Facts About Wisconsin Transportation Funding

The Joint Finance Committee is expected to put its approval on a plan on Thursday, May 26 that would dramatically increase funding for new highways while cutting aids to local roads, road repairs, road maintenance and transit.  The plan submitted by Governor Scott Walker would also consolidate the power to build new highways in the governor’s office and severely limit public scrutiny of road building plans.

The Walker budget is extraordinary in that it includes huge cuts to school aids, medical care for the poor and elderly, cuts to environmental programs and limits on what local government can do to make up for the losses of state aids — while at the same time giving huge increases in funding for new highways.  Those highway expansion programs will make wider roads for trucks traveling through Wisconsin but will do very little to help the daily commute for most Wisconsinites.

Here are some facts about highway spending in Wisconsin:

(Thanks to the Center on Wisconsin Strategy – COWS, for their help inputting this together.)

Roads in Wisconsin “pay for themselves” through user fees. The Wisconsin road building lobby likes to pretend that users pay for the costs of roads in Wisconsin.  “Wisconsin has a history of funding its transportation system by charging the users of that system,” the highway lobby’s Finding Forward coalition declares. What the lobby and others espousing this view don’t emphasize is that this statement only applies to the 10 percent of the road network made up of state-owned highways. The full picture is much different.

FACT: Roads in Wisconsin are heavily subsidized by taxpayers. Between 2004 and 2008, roads in the state cost an average of $4.24 billion annually. Of this, $1.74 billion came from revenue sources unrelated to road use — primarily property and sales taxes — while another $600 million was borrowed.

So, even counting federal aid as user-based – which is generally but not always true – between 41 and 55 percent of road money, depending on how borrowing is repaid, comes from non-users.

The fact is, roads constitute one of the biggest tax burdens around.

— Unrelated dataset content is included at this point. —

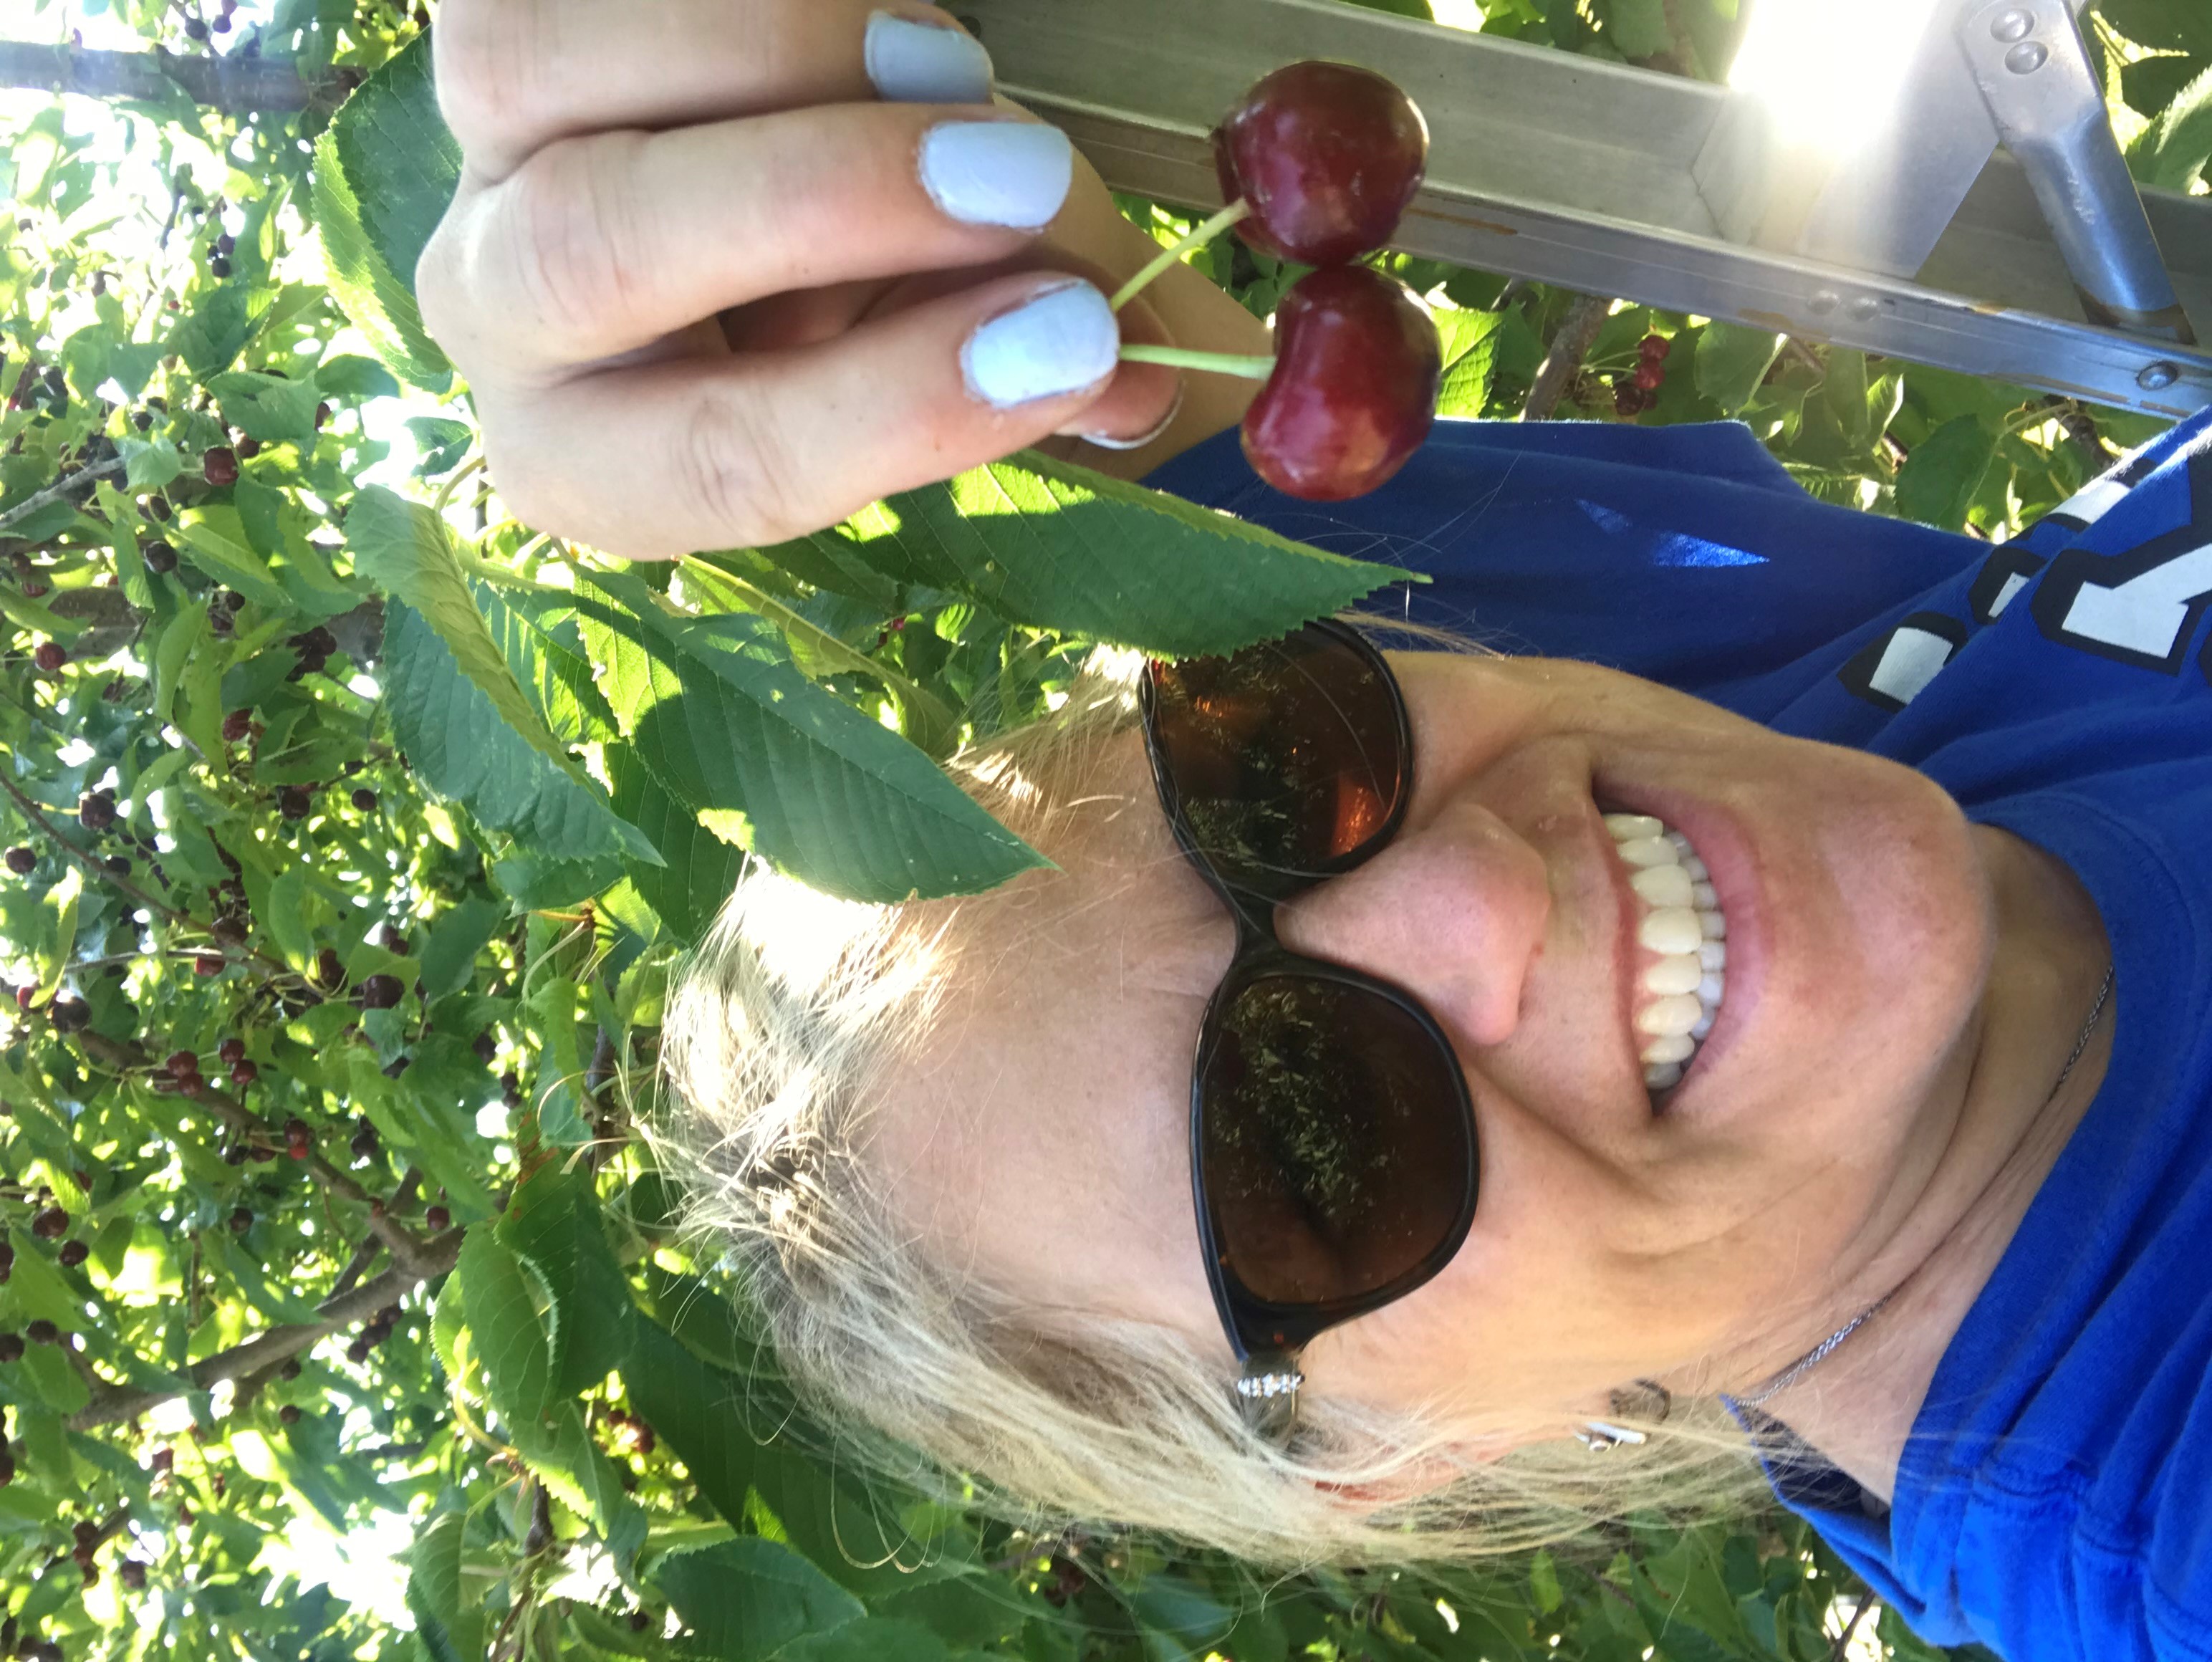 A woman with sunglasses on taking a selfie in her garden while holding up freshly picked cherries

MYTH: Roads are being short-changed by diversion of user fees. The highway lobby wants a constitutional amendment that would require the state to devote road-user fees for transportation. “In order to ensure that user fees fund the system, the dollars need to be maintained in an account separate from general tax revenue,” says Finding Forward. Gov. Scott Walker would go even further and stop funding local bus systems with these revenues.

FACT: The cash flowing into roads from taxpayers far outweighs user-based proceeds going to non-roads. Averaging the money flow by household for illustration, each year roads consume $779 per household of non-user tax money. The comparable figures for user fees flowing to transit and other uses is $50 and $34, respectively.

If Wisconsin did fully fund its roads with gas taxes and other road-user fees, local governments would be awash in money, which they could use to fund transit and other services amply – while still giving citizens a break on property taxes.

To do that, keeping license fees constant, Wisconsin would have to raise the gas tax by at least 154 percent, or 51 cents per gallon.